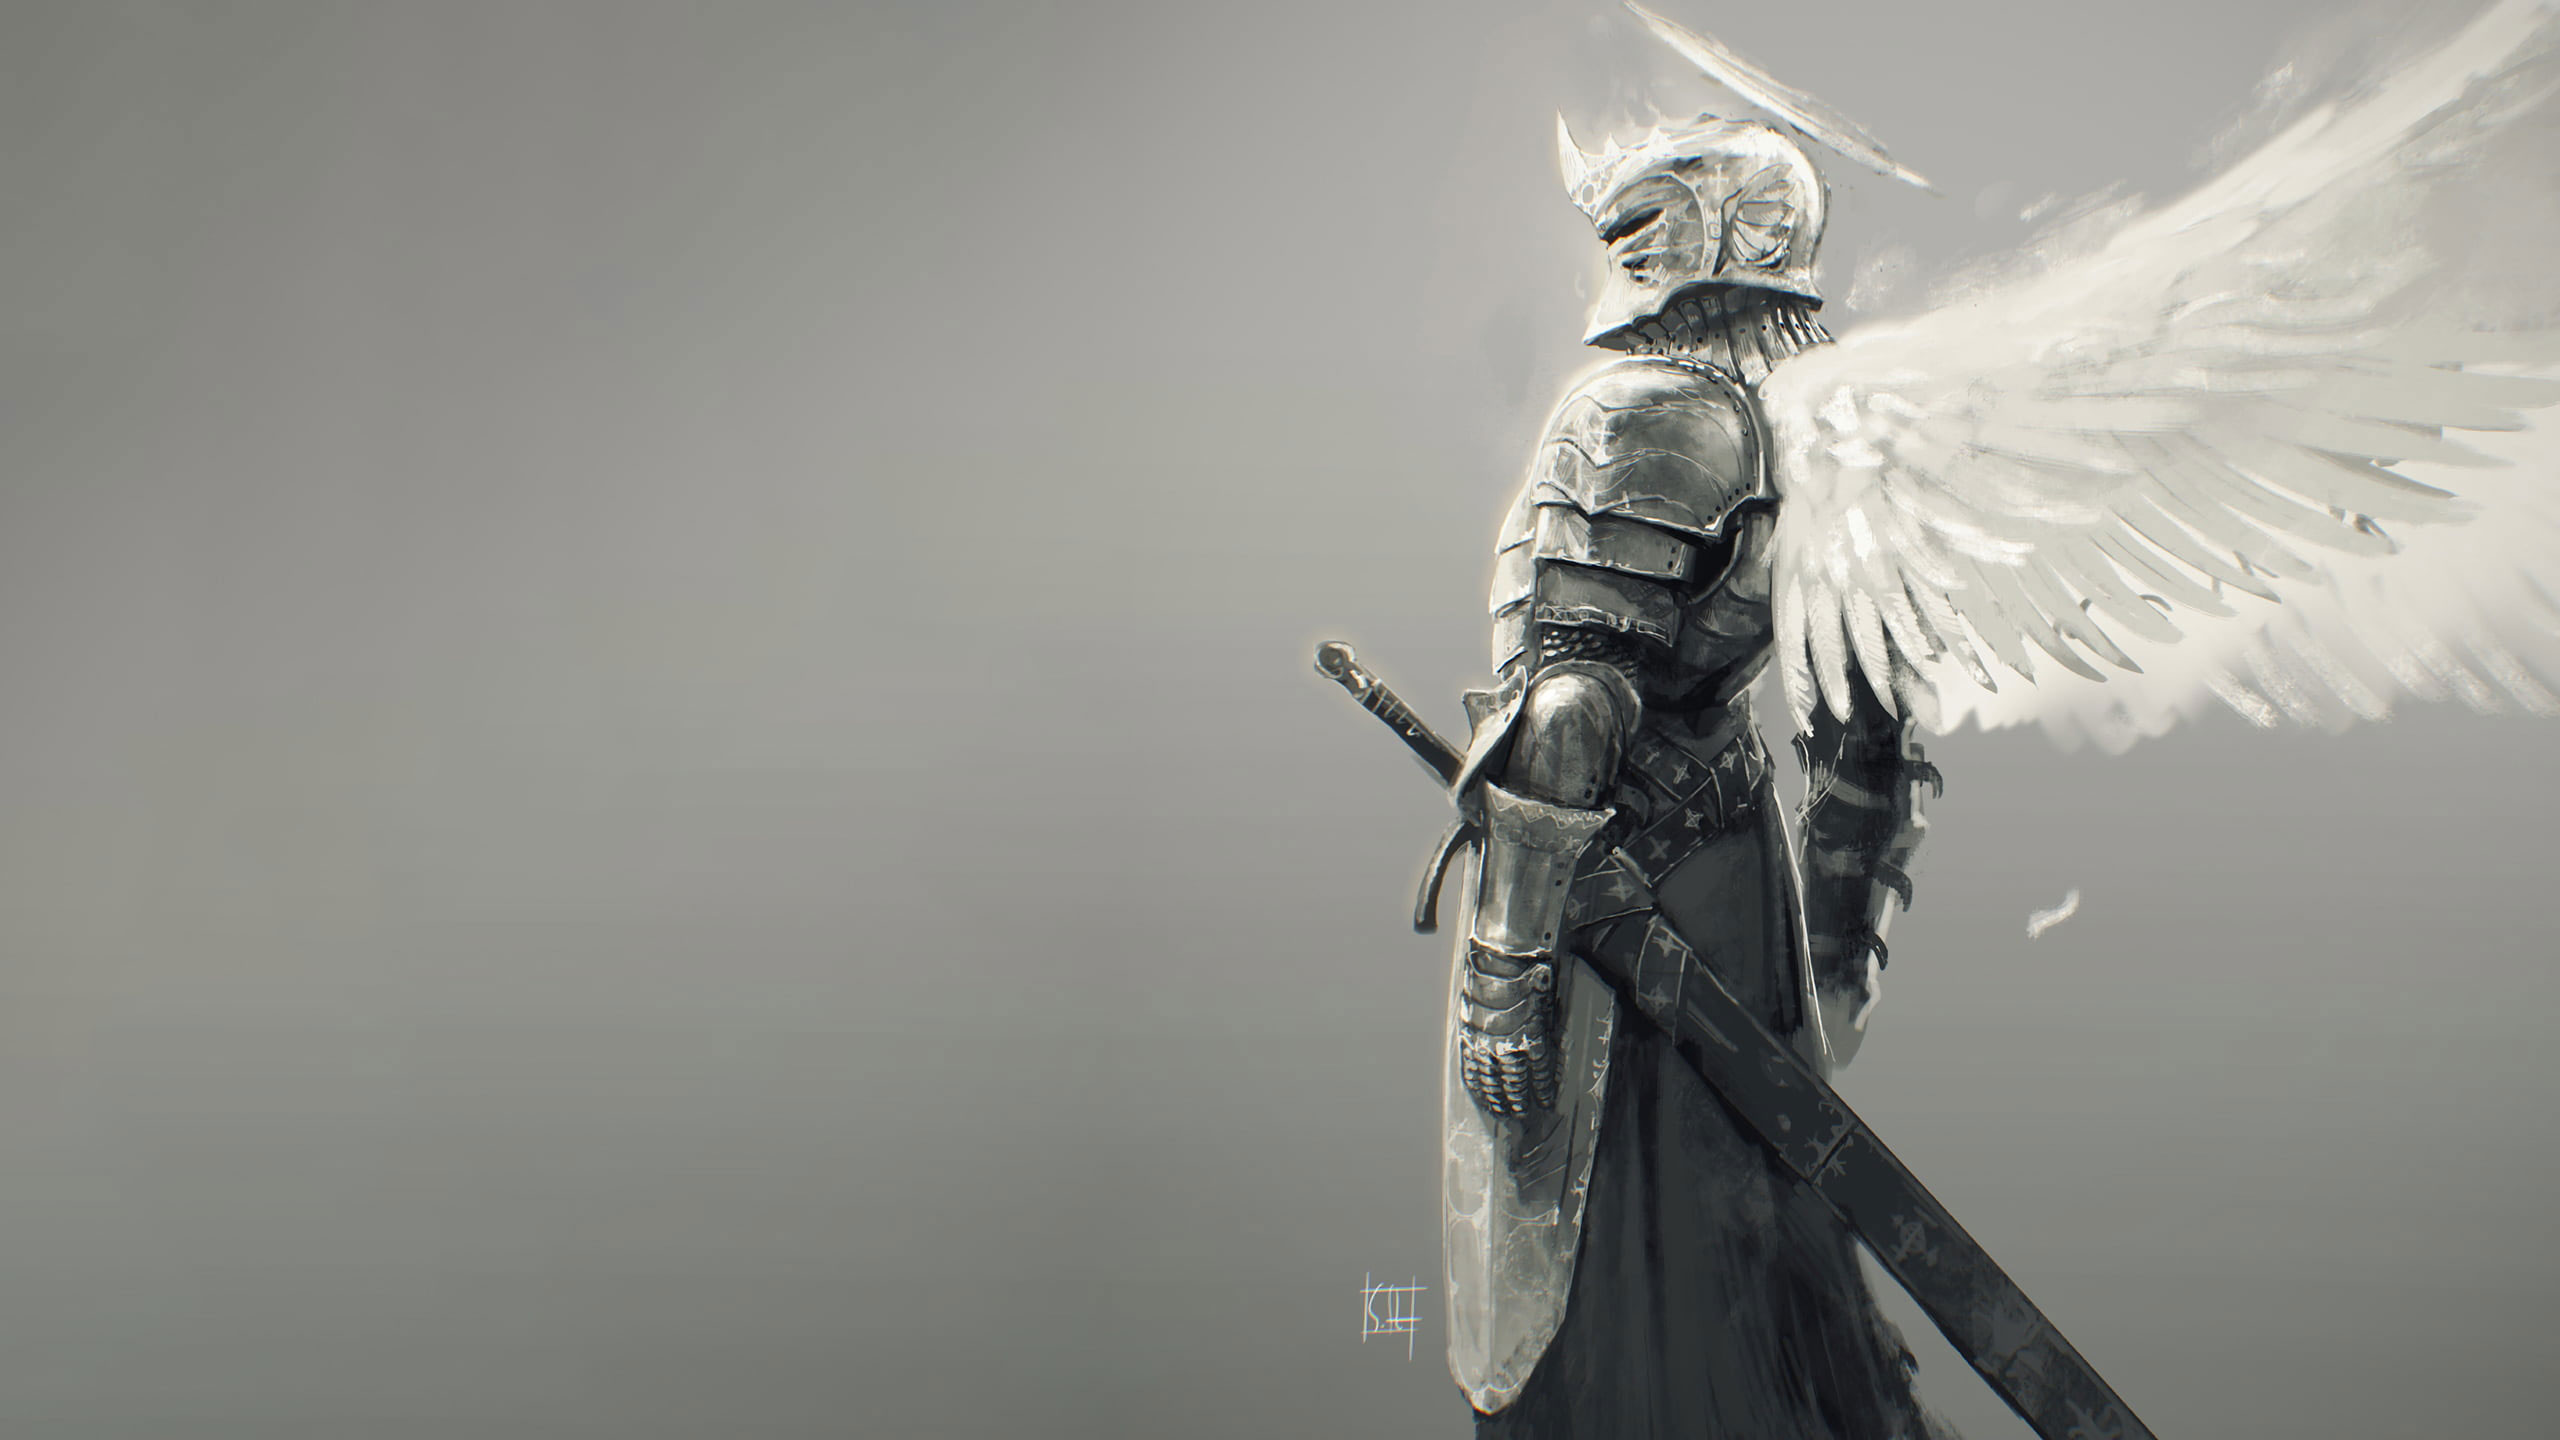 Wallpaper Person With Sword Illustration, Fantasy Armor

________

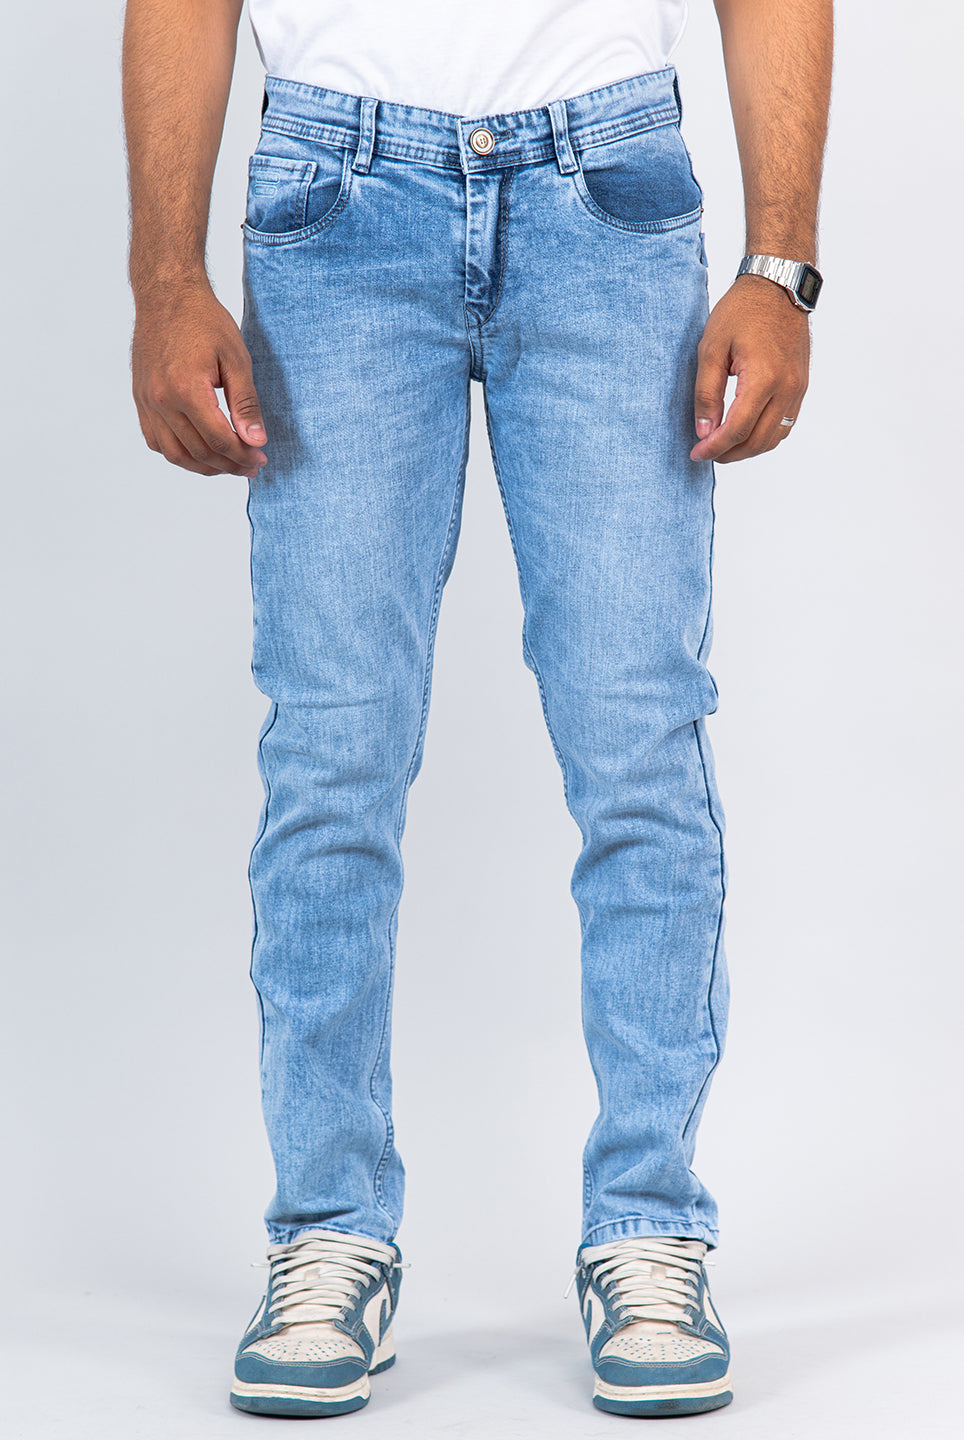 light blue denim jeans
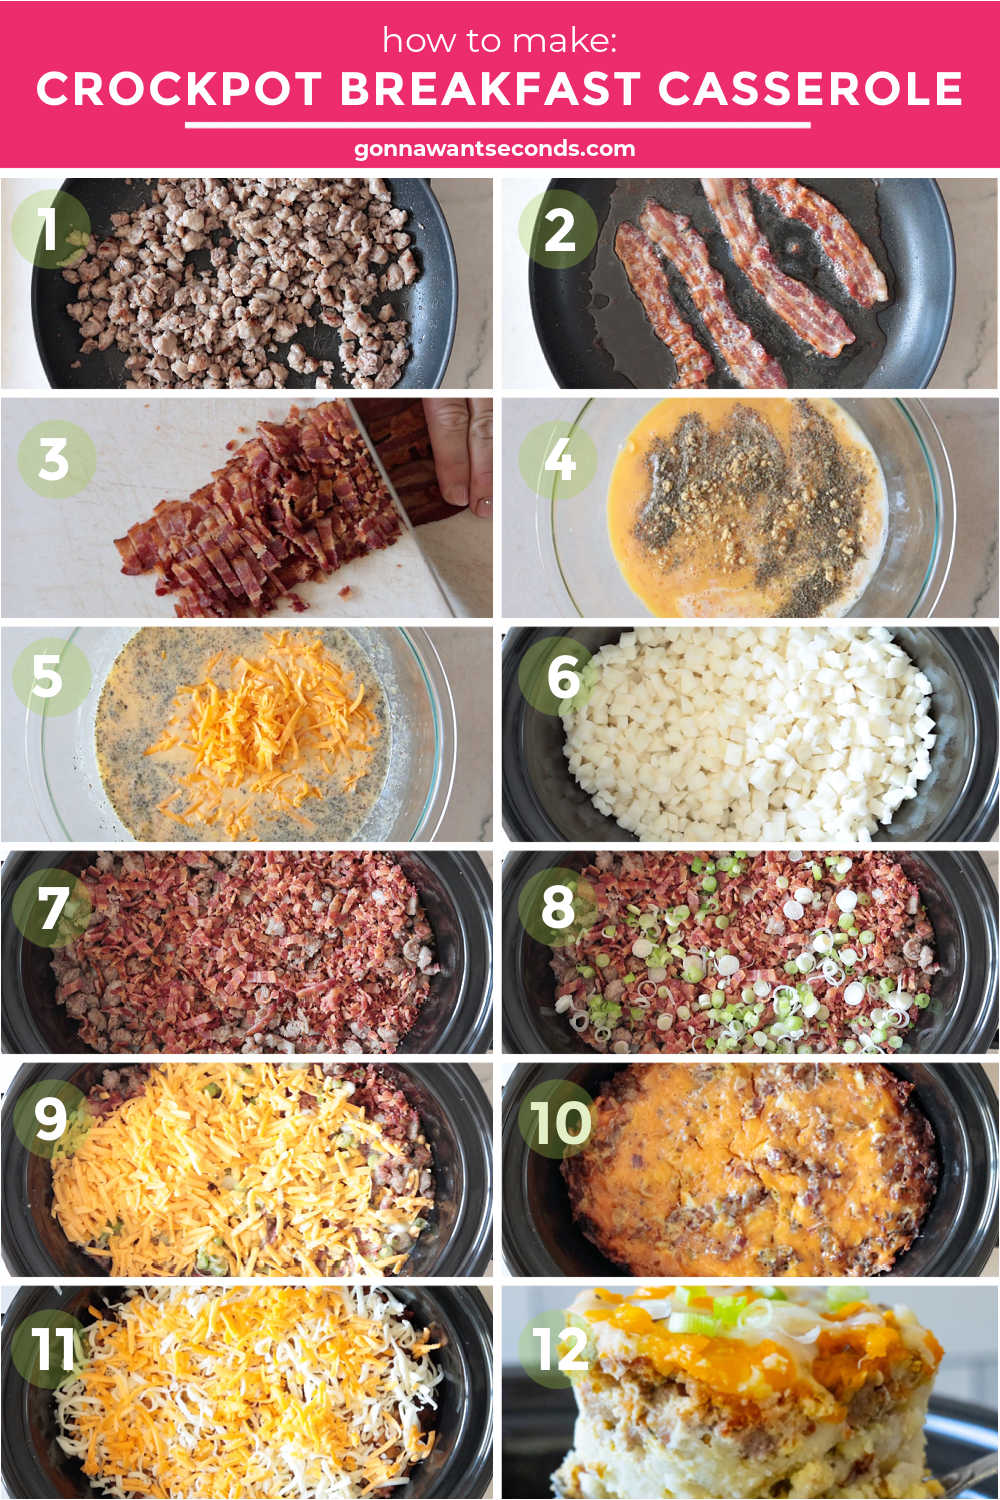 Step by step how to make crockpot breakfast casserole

________

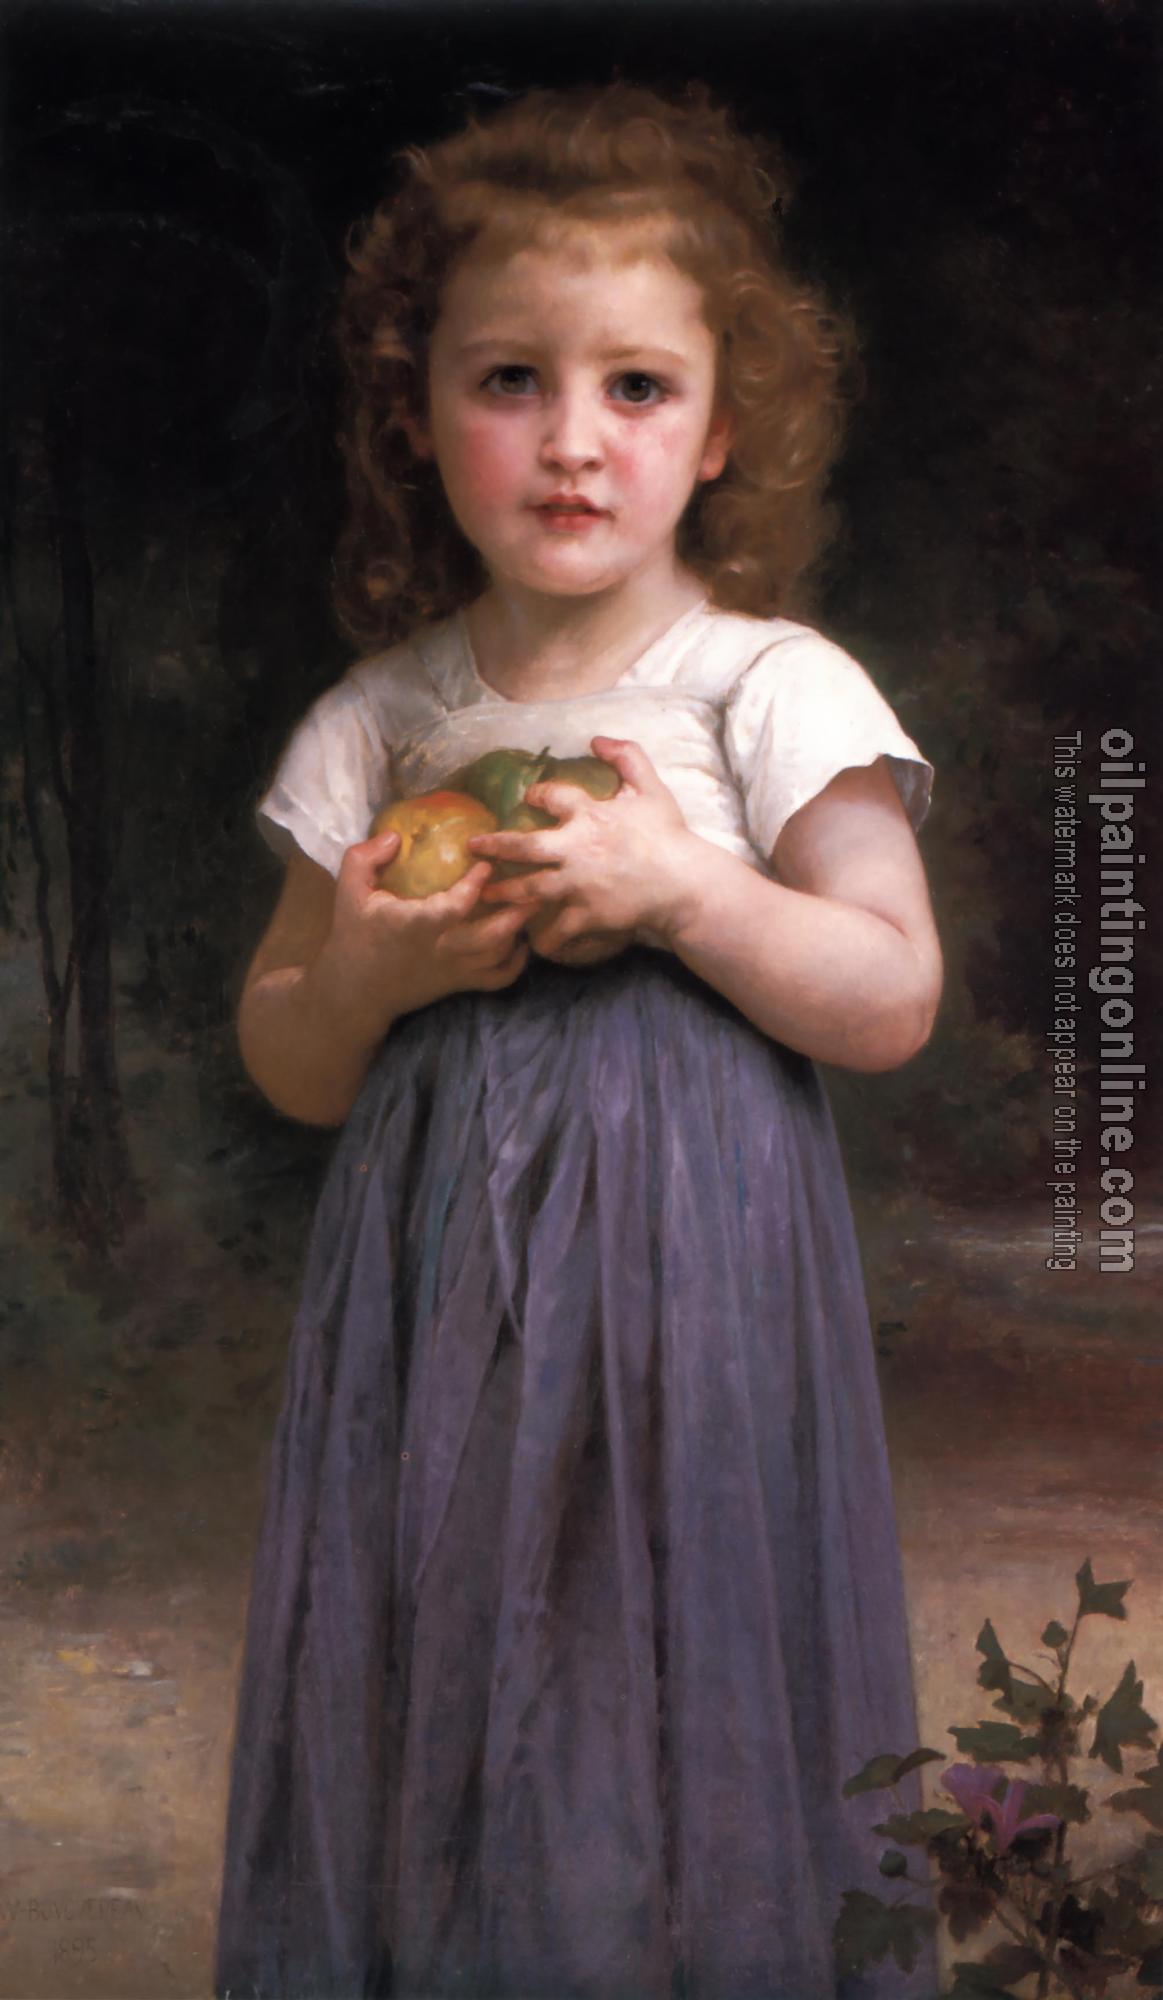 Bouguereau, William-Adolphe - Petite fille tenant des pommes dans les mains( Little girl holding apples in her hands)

________

§ TASK DESCRIPTION: Leave the pictures out, and transcribe exactly the lines above starting at the one that contains "light blue denim jeans" and ending at the one that contains "Step by step".

§ RESPONSE:
 light blue denim jeans
 Step by step how to make crockpot breakfast casserole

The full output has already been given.